SOURCE MATERIAL>
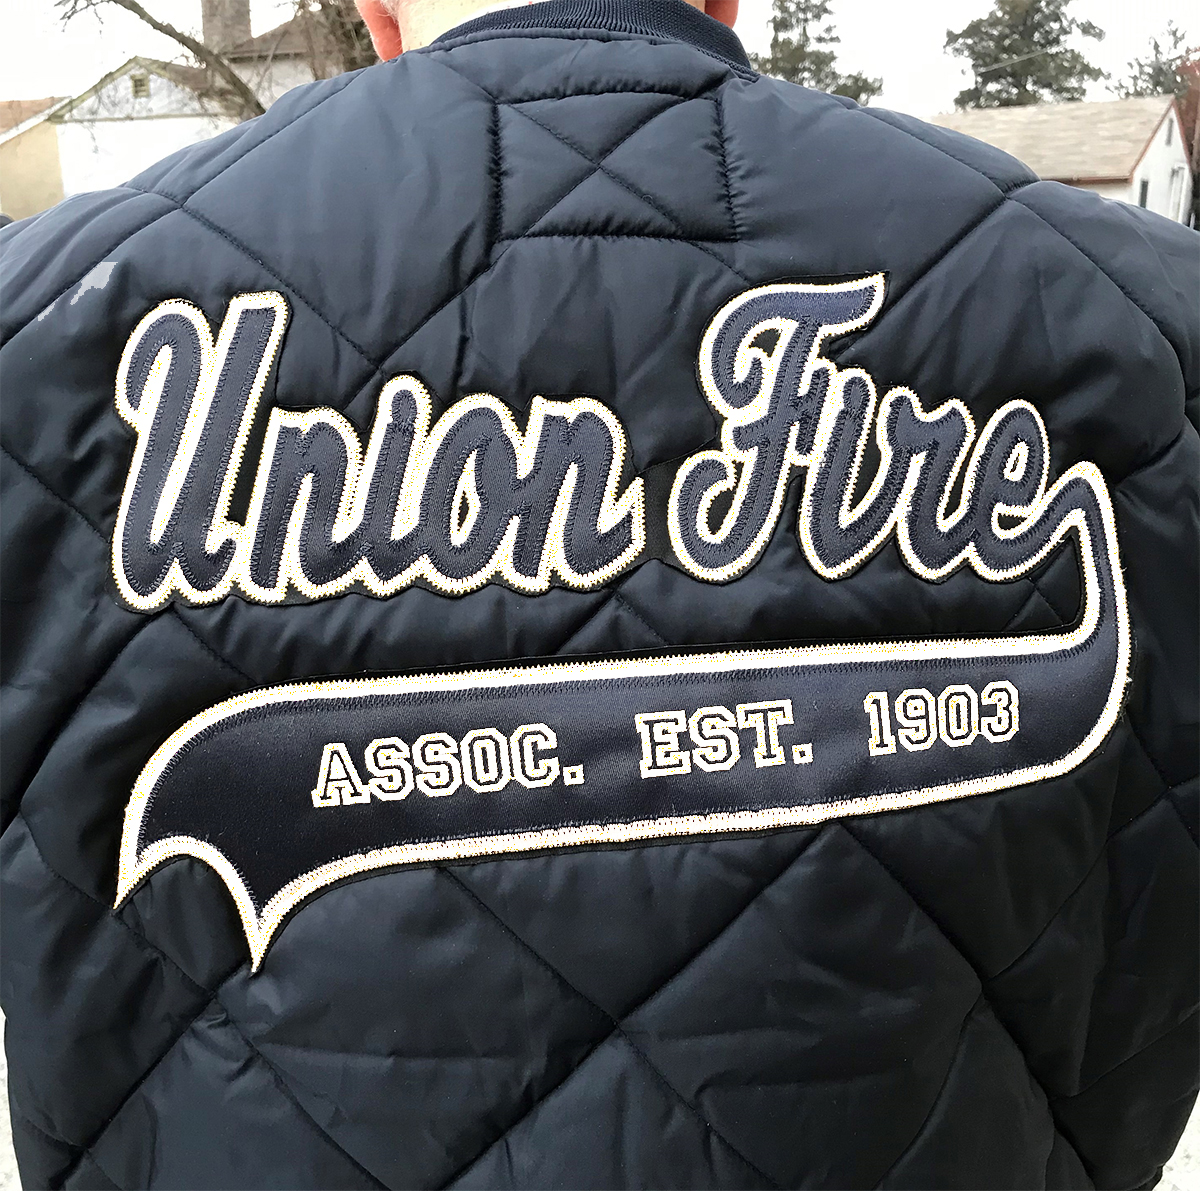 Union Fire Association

---

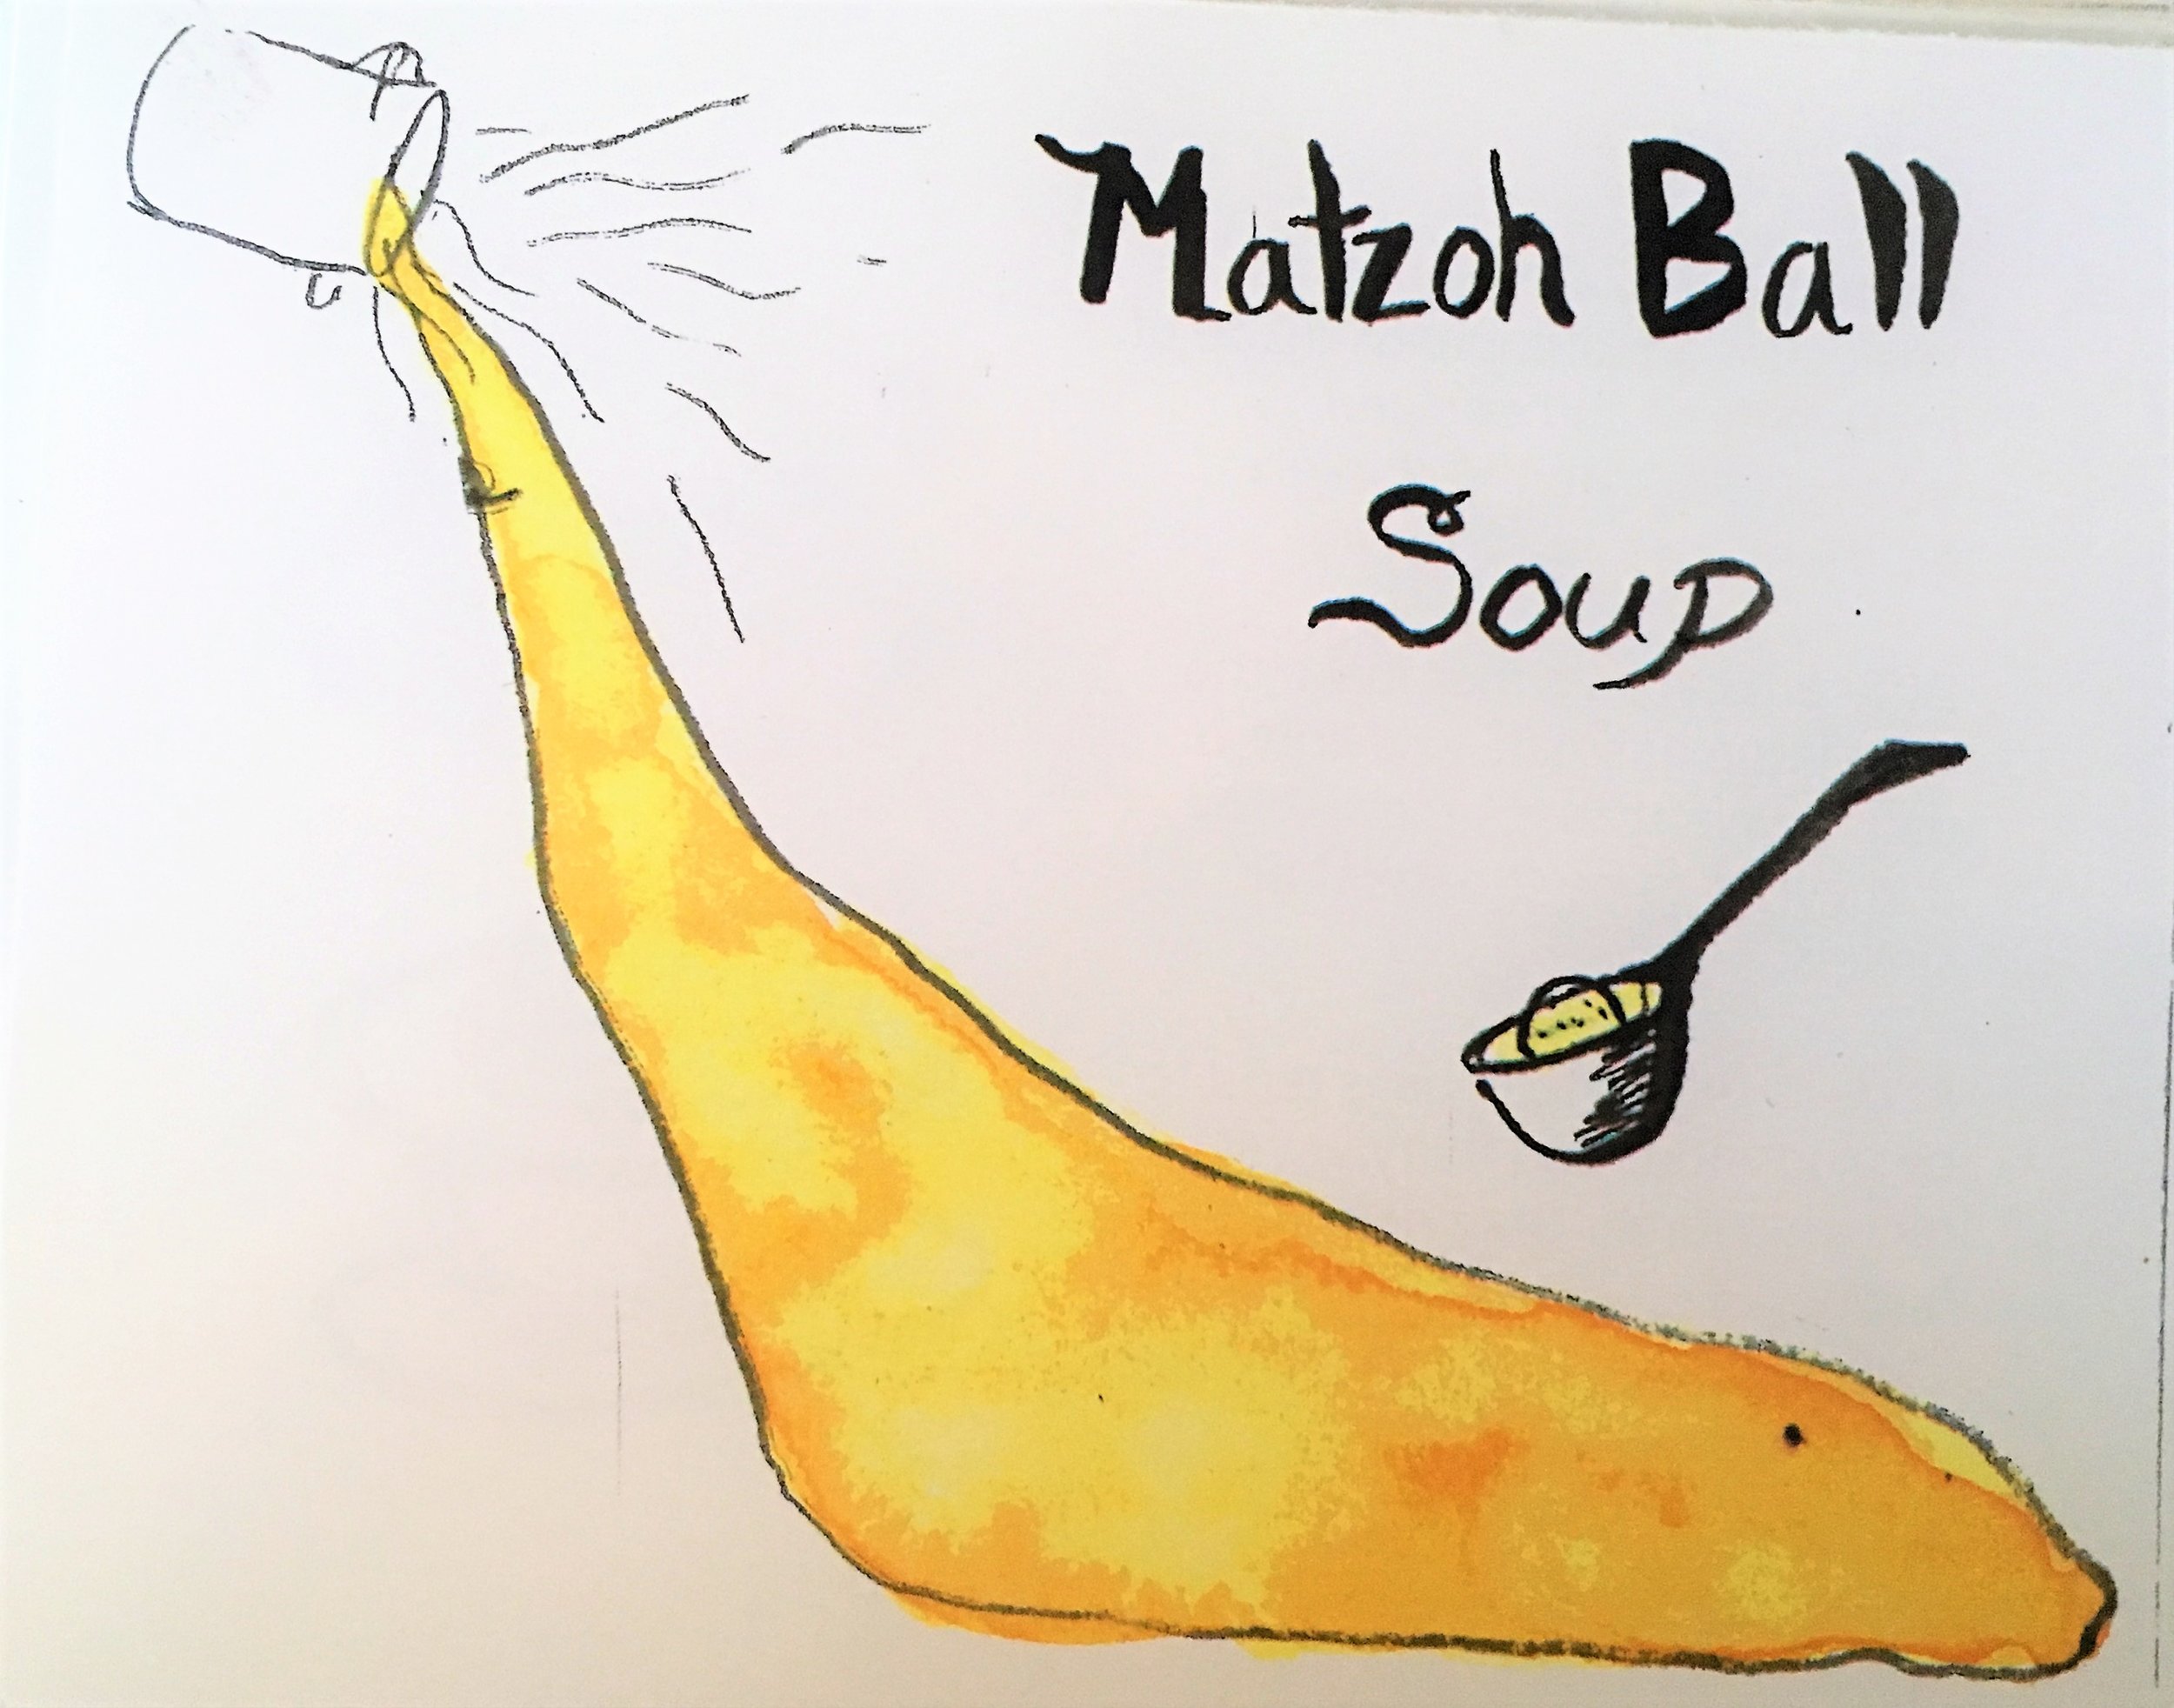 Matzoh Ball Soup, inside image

...

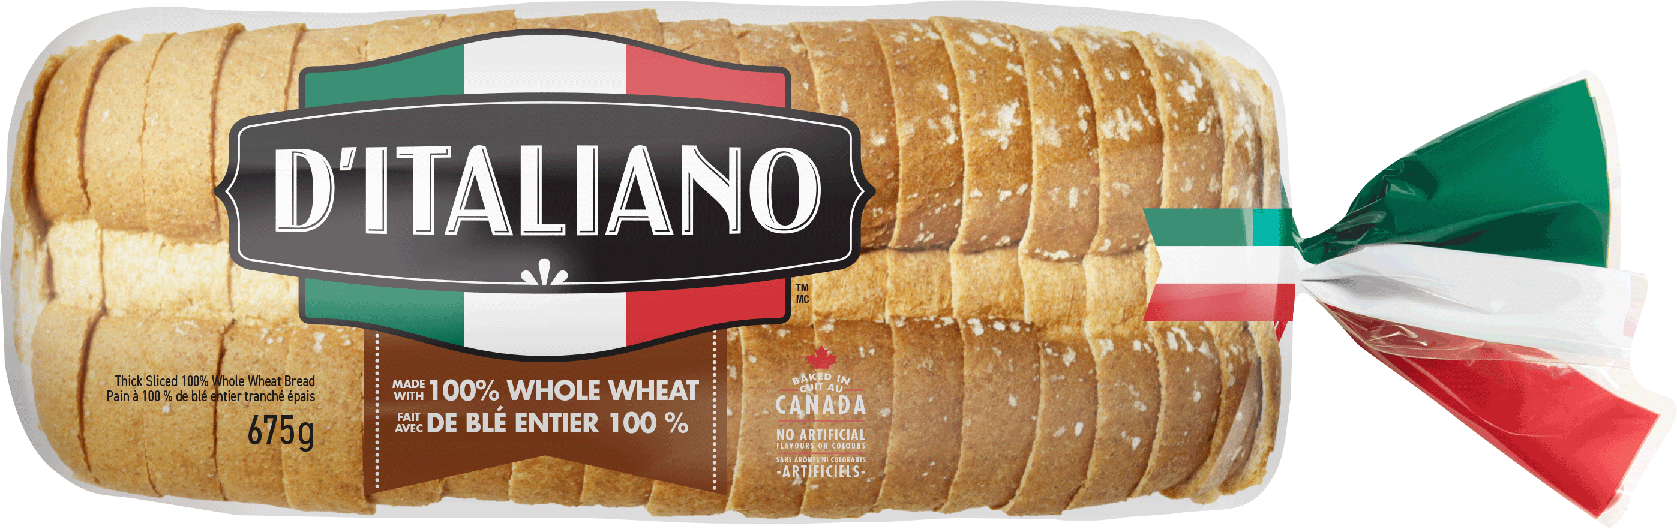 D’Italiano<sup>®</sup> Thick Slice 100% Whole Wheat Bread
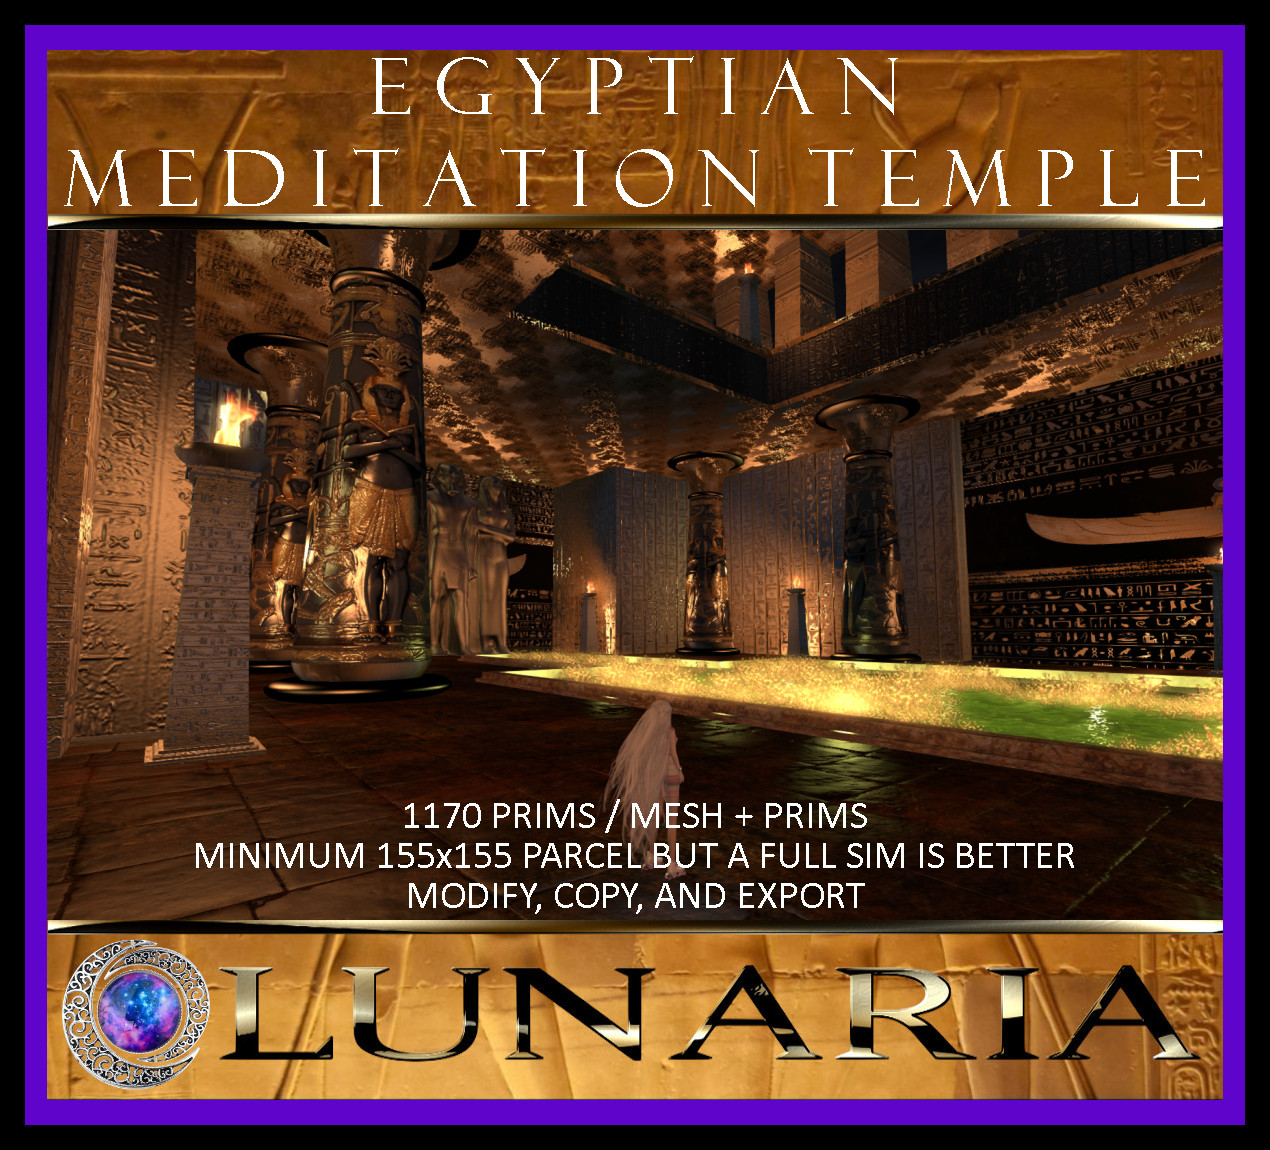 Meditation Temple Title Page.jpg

WHAT TO PRODUCE> The material above holds pictures; leave them out. Repeat exactly the lines from the one containing "D’Italiano<sup>®</sup> Thick Slice" through the one containing "Meditation Temple Title Page.jpg", and nothing else.

REPLY>
 D’Italiano<sup>®</sup> Thick Slice 100% Whole Wheat Bread
 Meditation Temple Title Page.jpg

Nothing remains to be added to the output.